__TASK PROMPT__:
Leaving pictures out, repeat word for word the line that has "También un Penthouse" and each line that follows it to the end of the listing.

__EXERCISE DATA__:
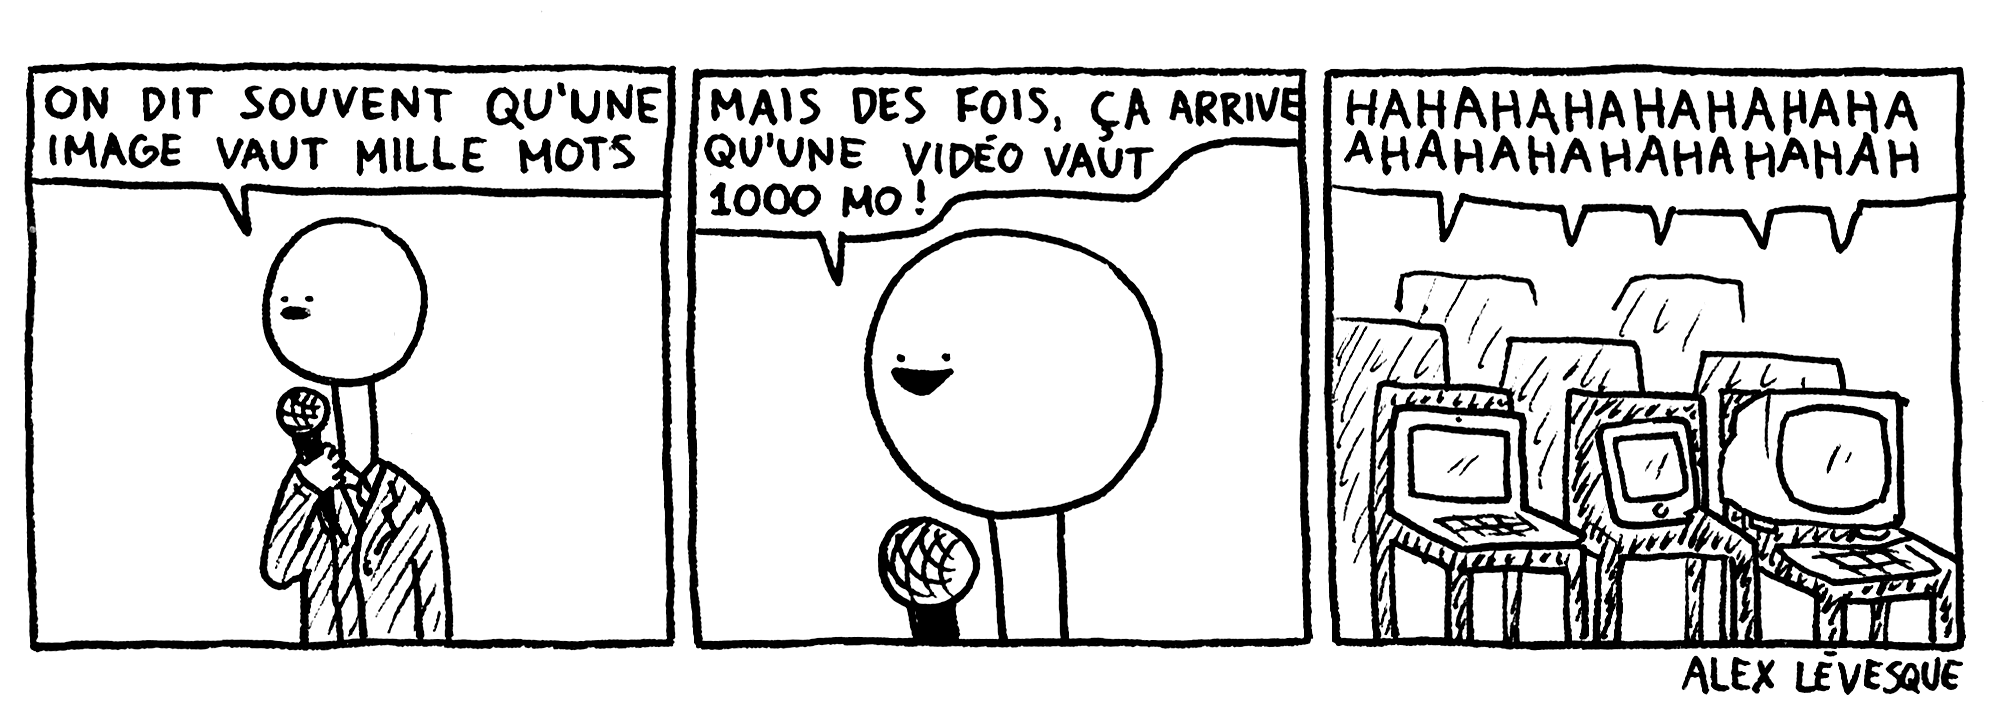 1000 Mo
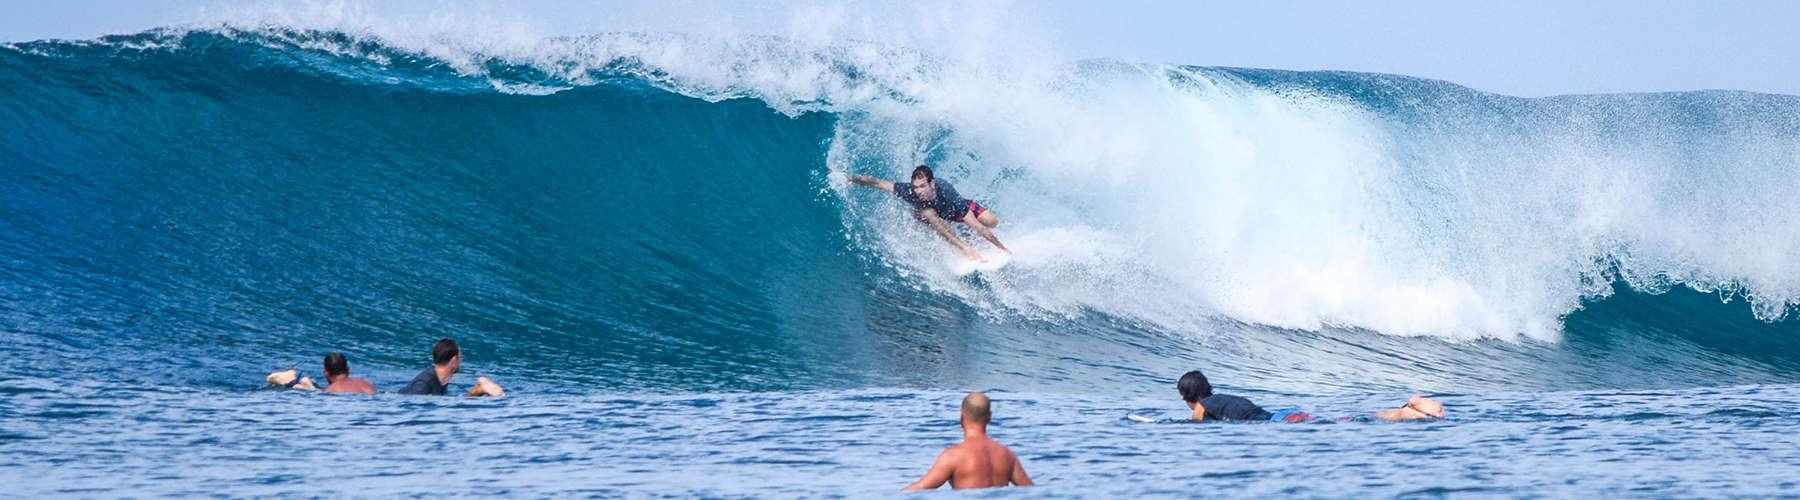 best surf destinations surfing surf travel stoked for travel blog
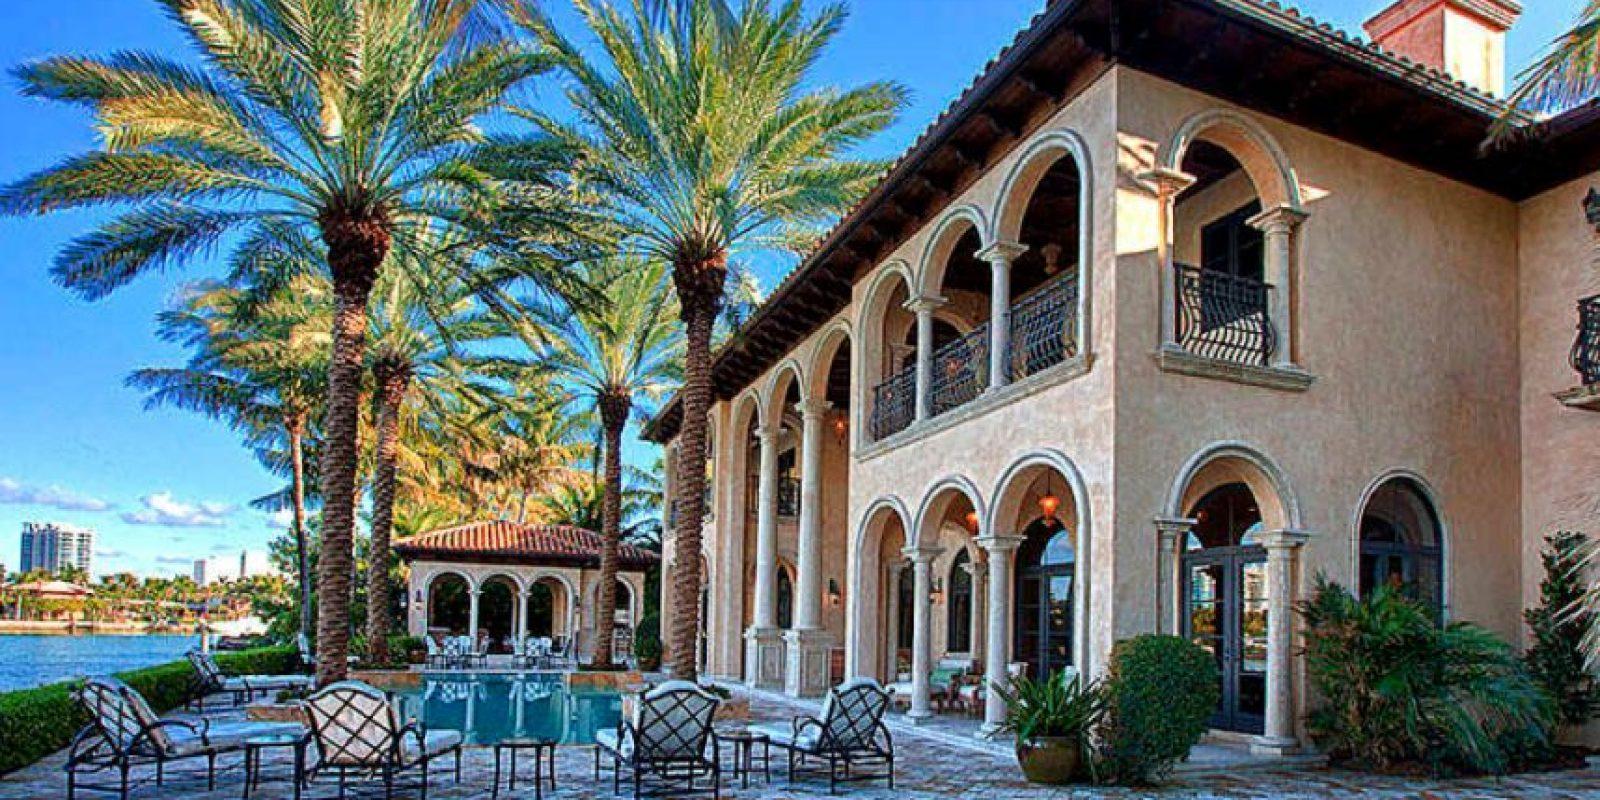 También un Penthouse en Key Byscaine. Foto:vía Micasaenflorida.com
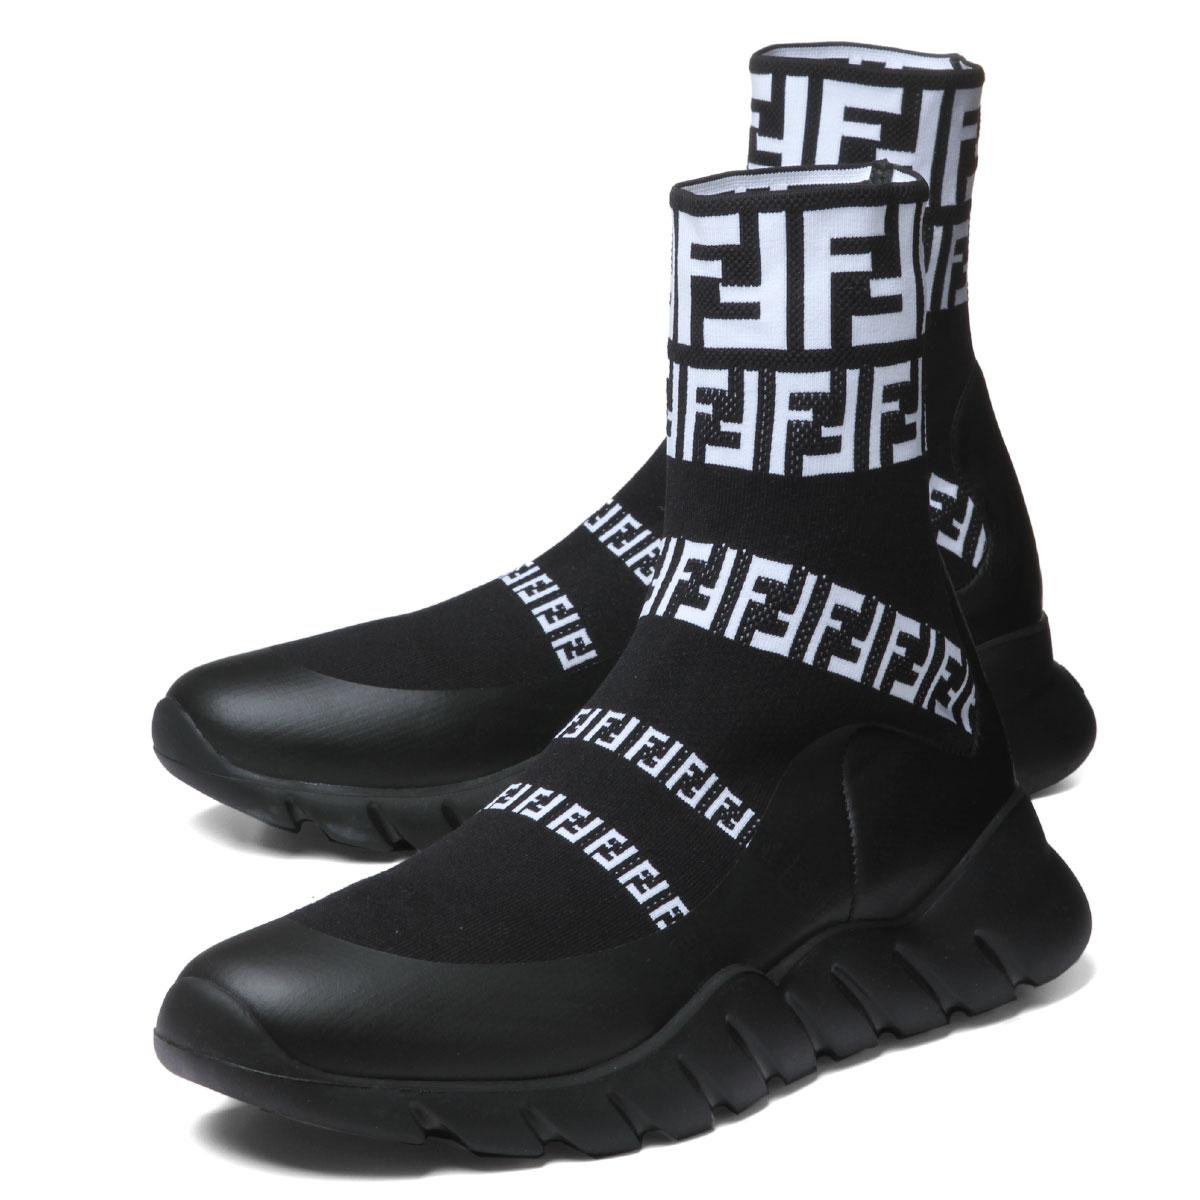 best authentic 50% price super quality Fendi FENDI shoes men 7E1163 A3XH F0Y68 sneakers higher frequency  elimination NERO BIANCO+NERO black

__ANSWER TO THIS TASK__:
 También un Penthouse en Key Byscaine. Foto:vía Micasaenflorida.com
 best authentic 50% price super quality Fendi FENDI shoes men 7E1163 A3XH F0Y68 sneakers higher frequency  elimination NERO BIANCO+NERO black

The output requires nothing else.